De hecho esto es lo que es el cava: fingir que se celebra algo mientras el mundo se destruye a nuestro alrededor.

Pero no importa. El anuncio está teñido por completo de grandes mentiras.

Si nos fijamos, la mesa de los comensales está impoluta, con unas servilletas y un mantel totalmente blancos. Es como se nadie hubiera manchado absolutamente nada durante la cena. ¿Qué cena? Básicamente no hay manchas ni restos de migas porque esta noche nadie ha comido.

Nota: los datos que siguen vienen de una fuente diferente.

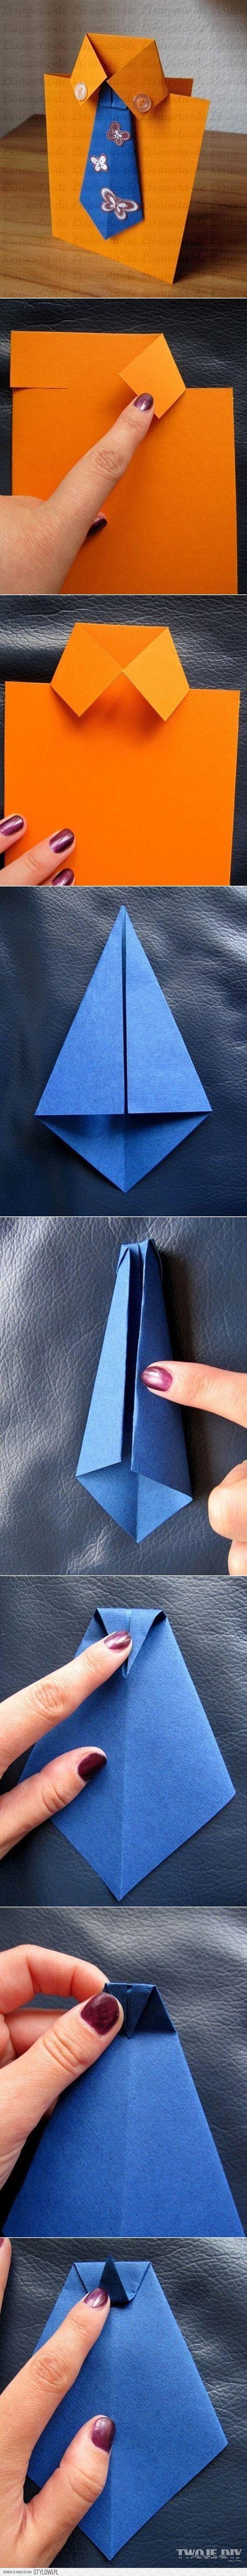 Cute DIY Father's Day Card Ideas | Necktie Card by DIY Ready at http://diyready.com/21-diy-fathers-day-cards/:

Es todo una farsa, una ejercicio de teatro.

Nos encontramos de nuevo con esa “negra honra” de El lazarillo de Tormes, ese honor falso de la nobleza que se pretende rica pero no puede permitirse ni un mendrugo de pan para comer. Esa nobleza que, por fingirse de alta clase, se gasta sus pocas monedas de bronce en un cava que le otorga un supuesto nivel social. Fijaros en esas esculturas que adornan la casa —abstractas, frías, herméticas—, no son nada más que un intento desesperado de otorgar cierto nivel económico y cultural a esa familia.

Mirad, la casa está vacía, esta peña se ha tenido que vender la mitad de los muebles. De hecho, hacia el final del metraje, cuando Michelle Jenner y el argentino se alejan, vemos un pasillo totalmente desahuciado, la completa nada, la negrura más profunda.

Esta gran bola de hipocresía se vertebra perfectamente con la principal cualidad de los anuncios de Freixenet, son una celebración de la nada. Esas burbujas hace años que bailan solas y que nadie las mira y puede que este anuncio sea el primer atisbo de que la marca de cava ha empezado a entenderlo.